Organizations that built governance infrastructure before the enforcement window are responding to inquiry letters in under 24 hours. The records exist, are retrievable by decision ID or date range, and are formatted for regulatory review. These organizations are not worried about this period.

Organizations in the second tier — compliance intent, insufficient infrastructure — are in the 60-day cure window under Colorado. The cure requires demonstrating that the gap has been addressed, not merely describing how it will be. This means building infrastructure quickly, under observation, with enforcement timelines running in parallel. It is achievable but expensive.

The question for organizations not yet in an inquiry is whether they wait. The enforcement timeline is not synchronized — organizations are not all receiving letters simultaneously. The window between now and a potential inquiry letter is the most efficient time to build governance infrastructure.
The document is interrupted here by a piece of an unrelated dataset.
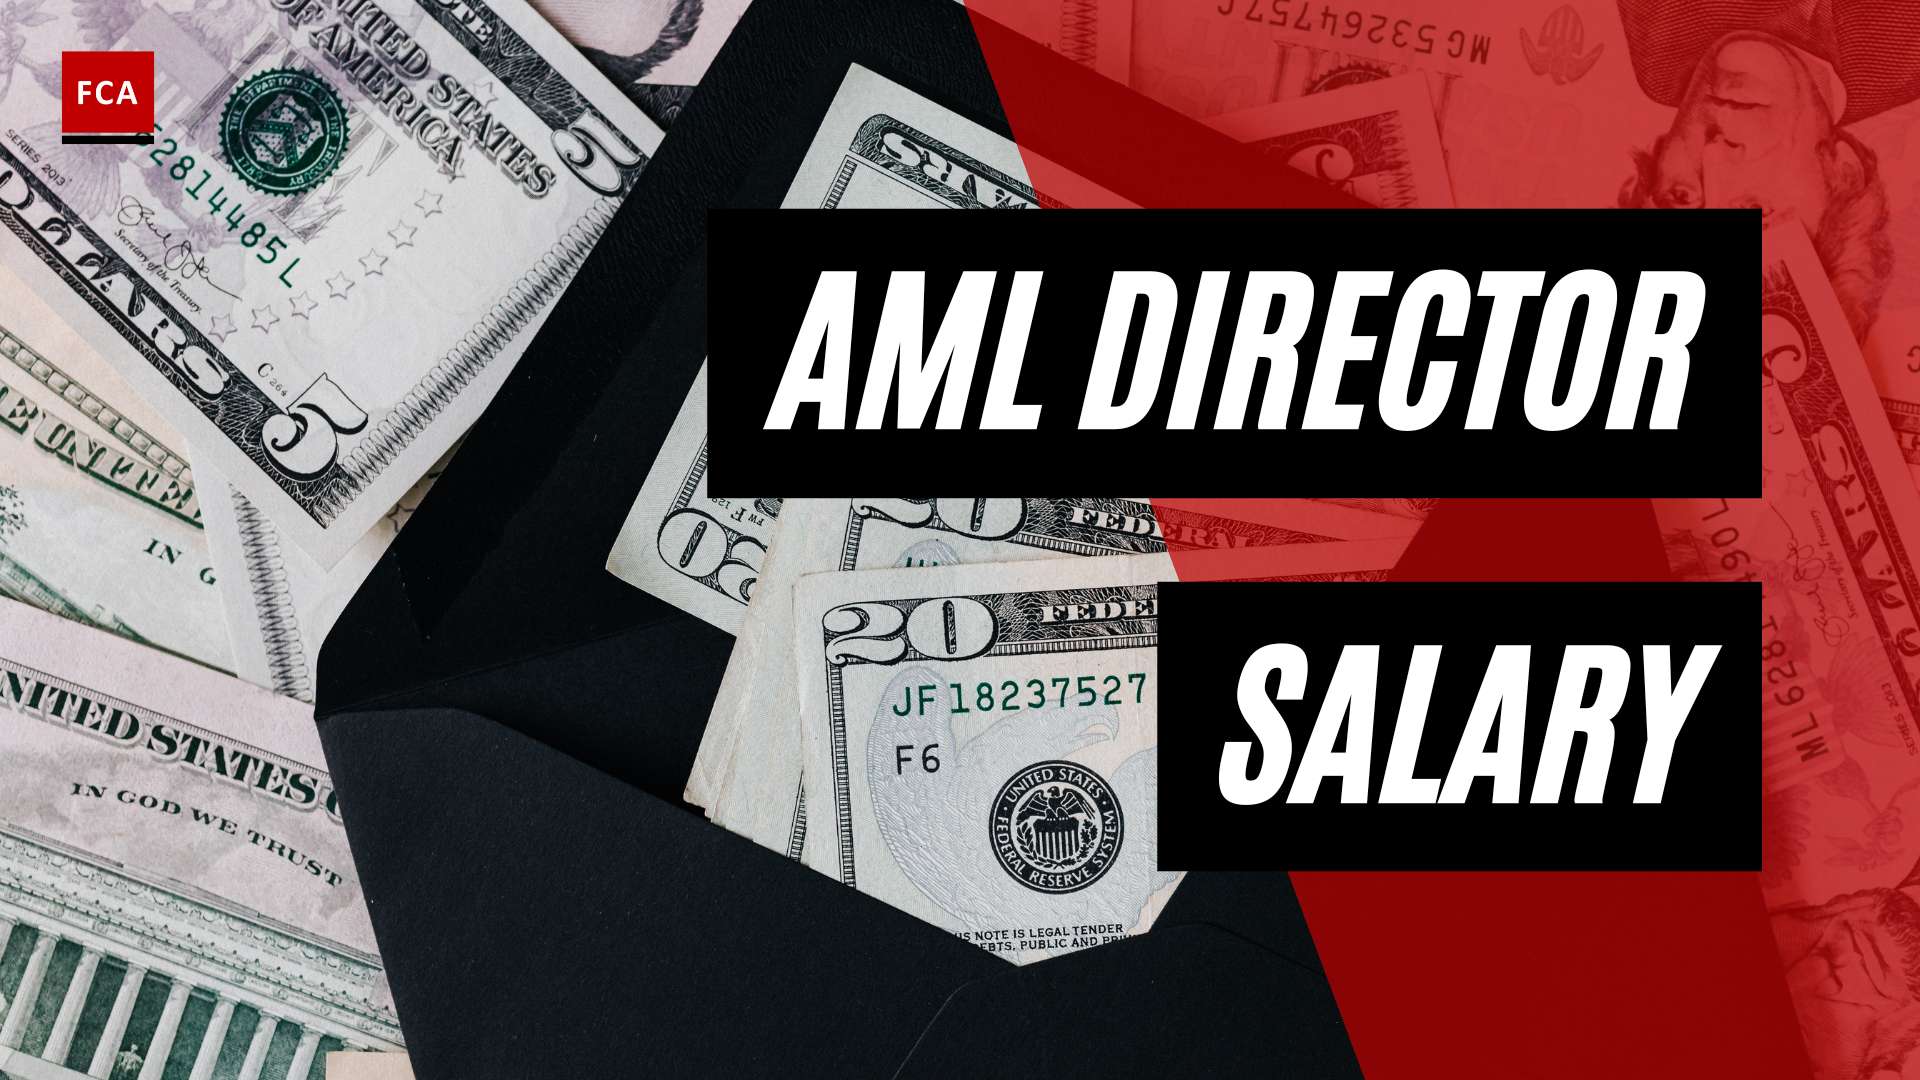 The Hidden Figures: Aml Director Salary Demystified

Building it before the letter is an order of magnitude less expensive than building it after.

What Governance Infrastructure Actually Requires

Closing the governance gap requires four things. Contemporaneous capture: records created at the time the regulated event occurs — the decision, the review, the authorization, the assessment — not reconstructed after the fact.

Decision linkage: each record connected to the specific decision it documents. Oversight records that cannot be linked to specific decisions are not evidence that any specific decision received oversight.

Delegation chain logging: for AI systems with multiple agents or automation layers, the full chain of authorization from the originating instruction to the terminal action — with what scope was active at each step.

Tamper-evident retention: records maintained with integrity protections that satisfy the evidentiary standards regulators apply. A log that can be modified after the fact is not evidence in an enforcement context.

These are infrastructure properties, not documentation properties. They require systems designed to produce them — not systems producing outputs that organizations then attempt to document manually.